What needs to be done
All of the lines below need to be copied exactly, apart from the pictures.

+++ Given data

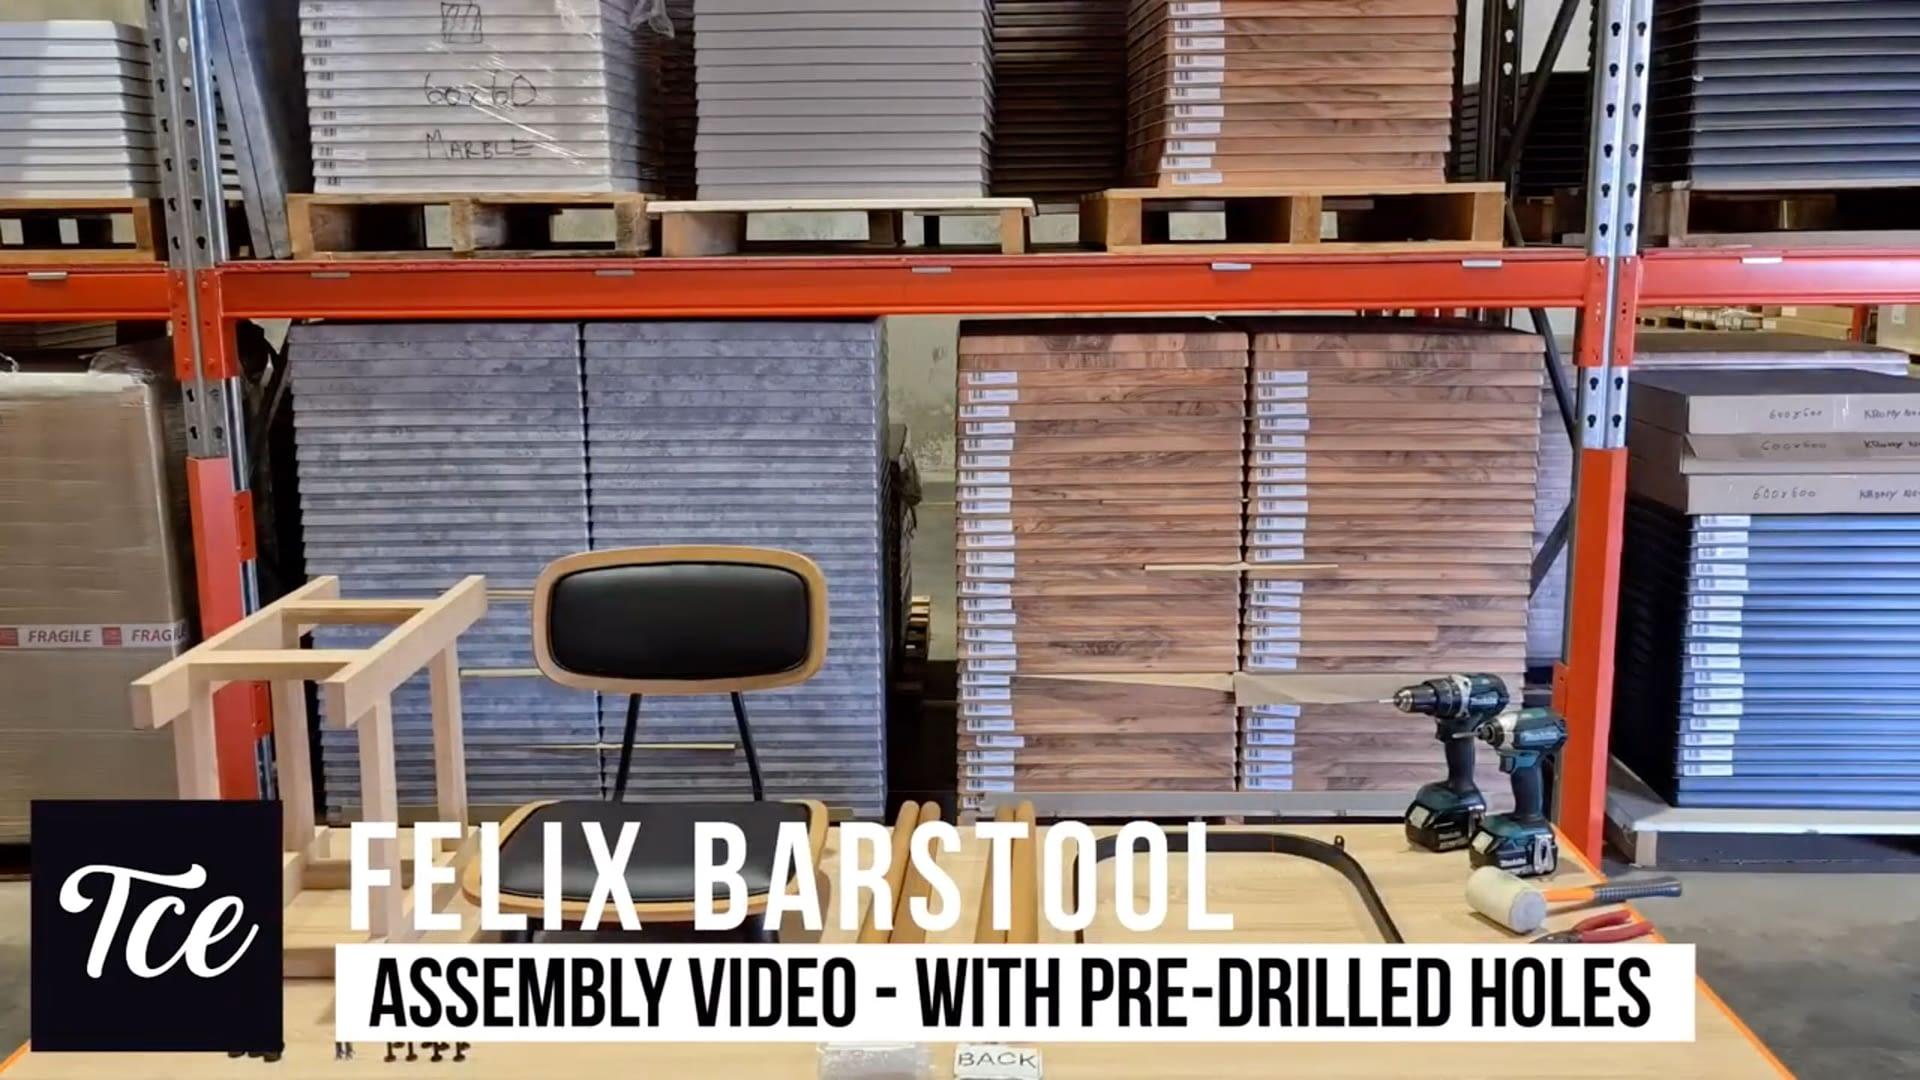 Assembly of the Felix Barstool
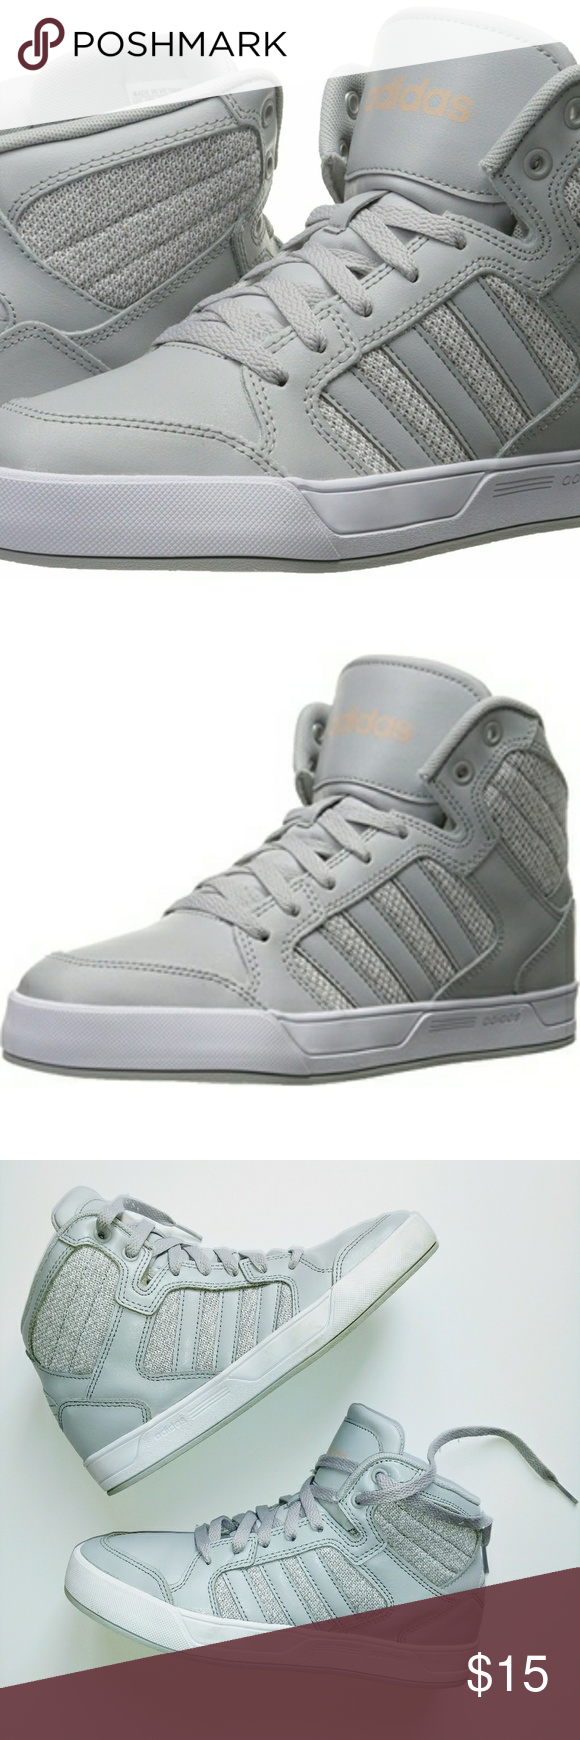 usa adidas neo high tops grey fabric 1ae59 7be17
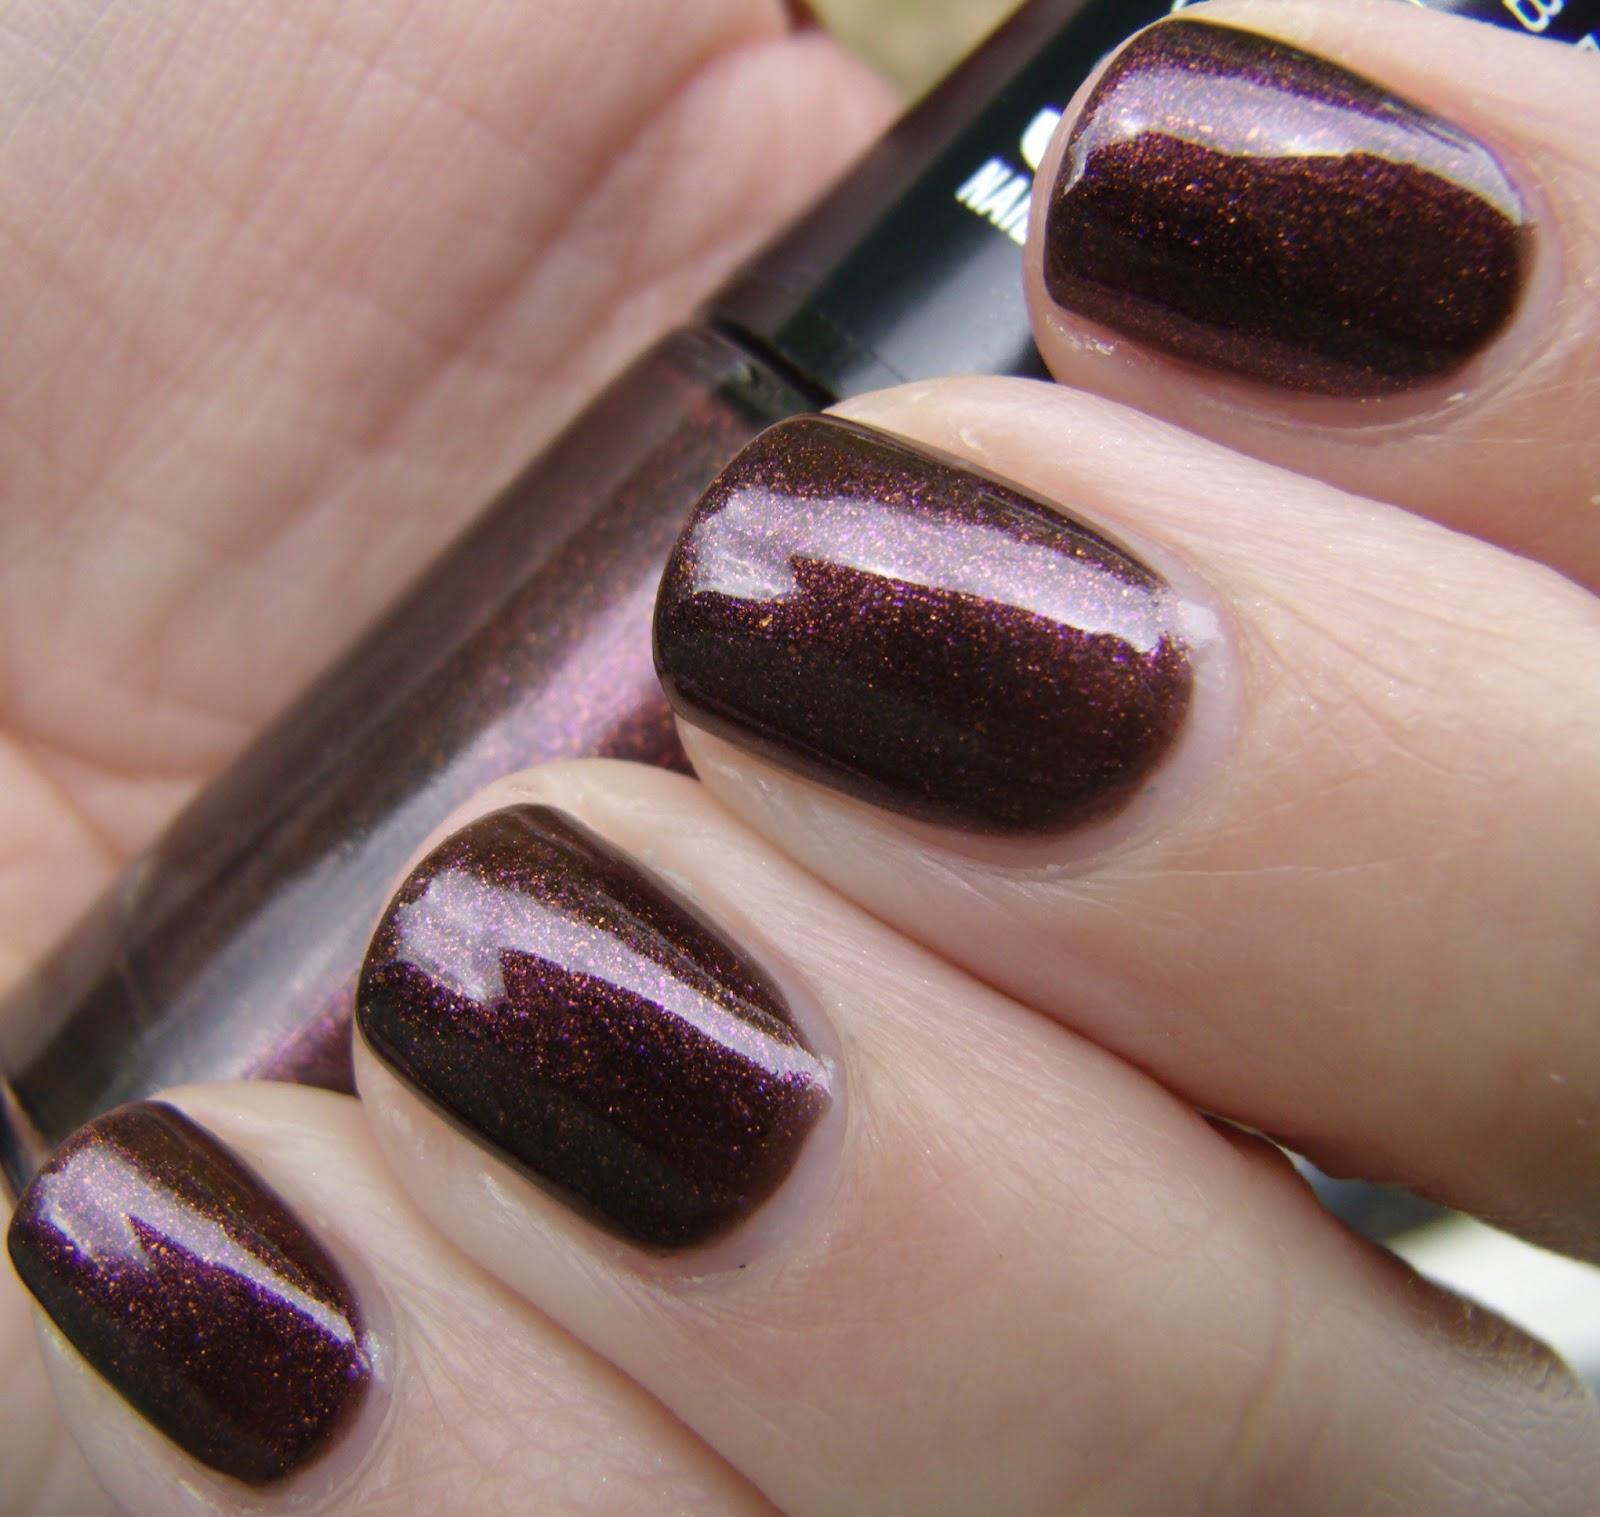 Wine Colored Nail Polish: Obsessive Cosmetic Hoarders Unite!: New Maybelline Color

++++++

Solution to this exercise
 Assembly of the Felix Barstool
 usa adidas neo high tops grey fabric 1ae59 7be17
 Wine Colored Nail Polish: Obsessive Cosmetic Hoarders Unite!: New Maybelline Color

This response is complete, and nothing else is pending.